Lawsuits proceed slowly. In the meantime, some aspects of the case have become effectively moot, including the so-called transparency plans and the withholding of legislative records. With the 2025 records release discussed on this page, thousands of important documents have finally been released to the public. The MFF is proud to have played a role in applying the pressure and supplying the analyses to help make that happen, alongside of course the efforts of many researchers and the public at large.
As of the spring of 2026, some aspects of the lawsuit remain in play. One of them is the National Archives' failure to create a complete "central directory of identification aids." This is a directory of the metadata associated with each JFK document in the Collection (e.g., the data on the "rif" pages); NARA currently makes it available as a set of 6 Excel spreadsheets.

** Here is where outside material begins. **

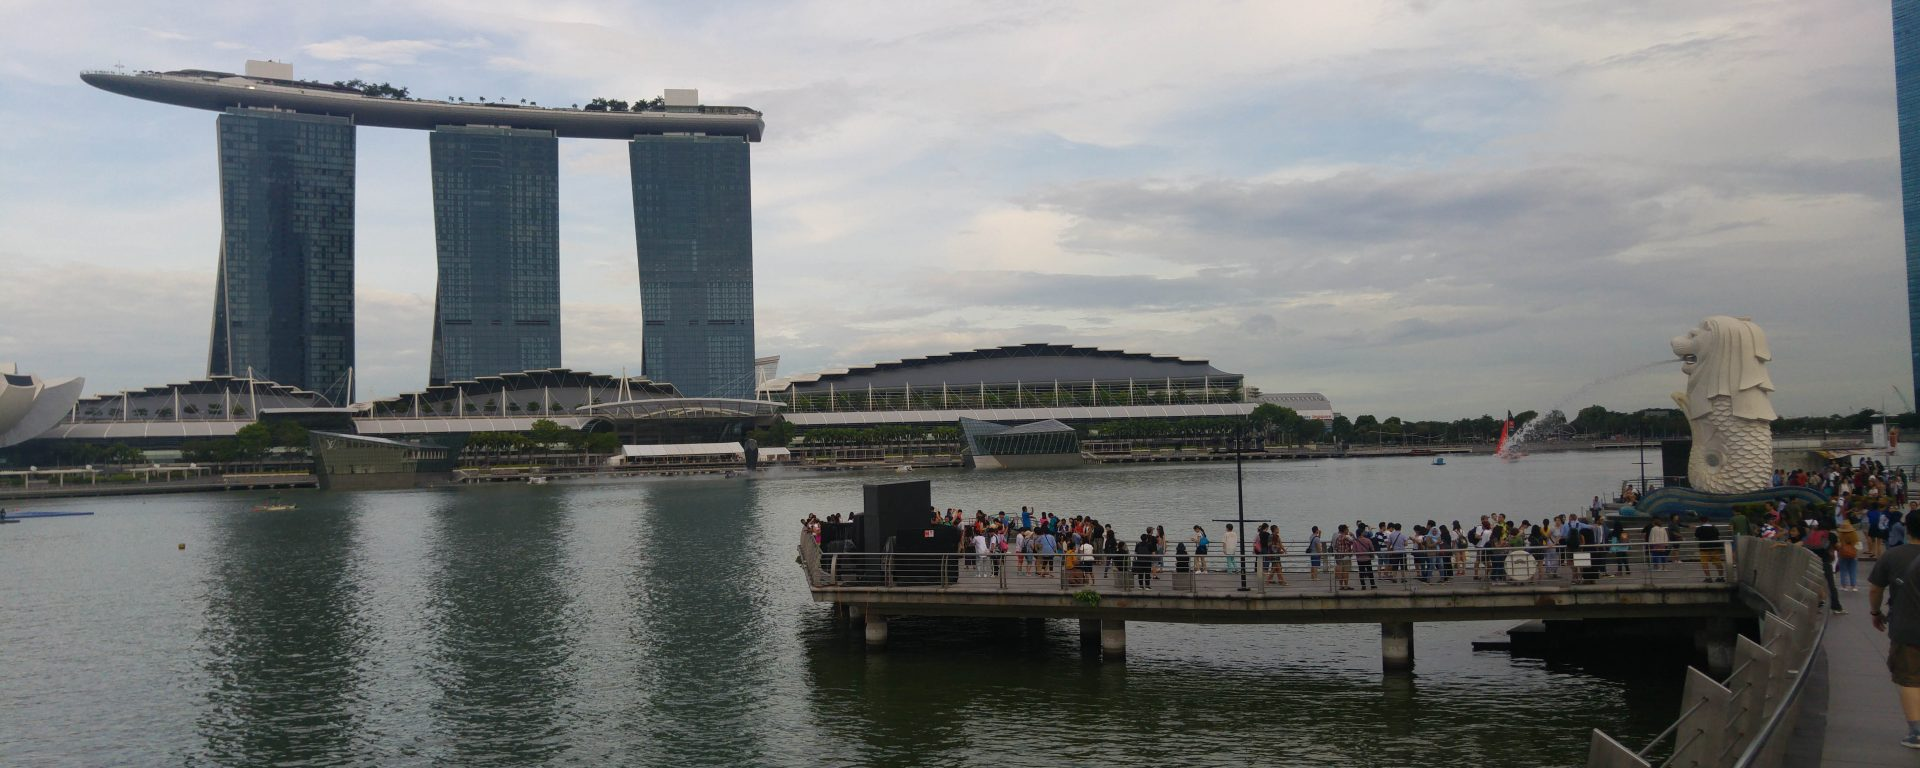 Merlion Park Singapur

But the records of 5 entire agencies - NSA, NSC, Secret Service, Army/INSCOM, and PFIAB - are completely missing; not a single record from these agencies is present in the metadata. There are many other records whose metadata is also missing from the central directory, along with other problems including thousands of redactions. See State of the JFK Releases 2025 for more details on the state of this important resource.
Another aspect of the case relates to NARA's failure to actively enforce the JFK Records Act, and the need to continue to seek additional records such as the Sheridan papers previously mentioned.
See the JFK Records Lawsuit page for more details, including PDF copies of important court filings and judgments.
Where Are We Now?
The search for the truth in the assassination of President Kennedy continues more than 60 years on, but we have reached a major milestone in the quest to have the federal government make available the information in its files.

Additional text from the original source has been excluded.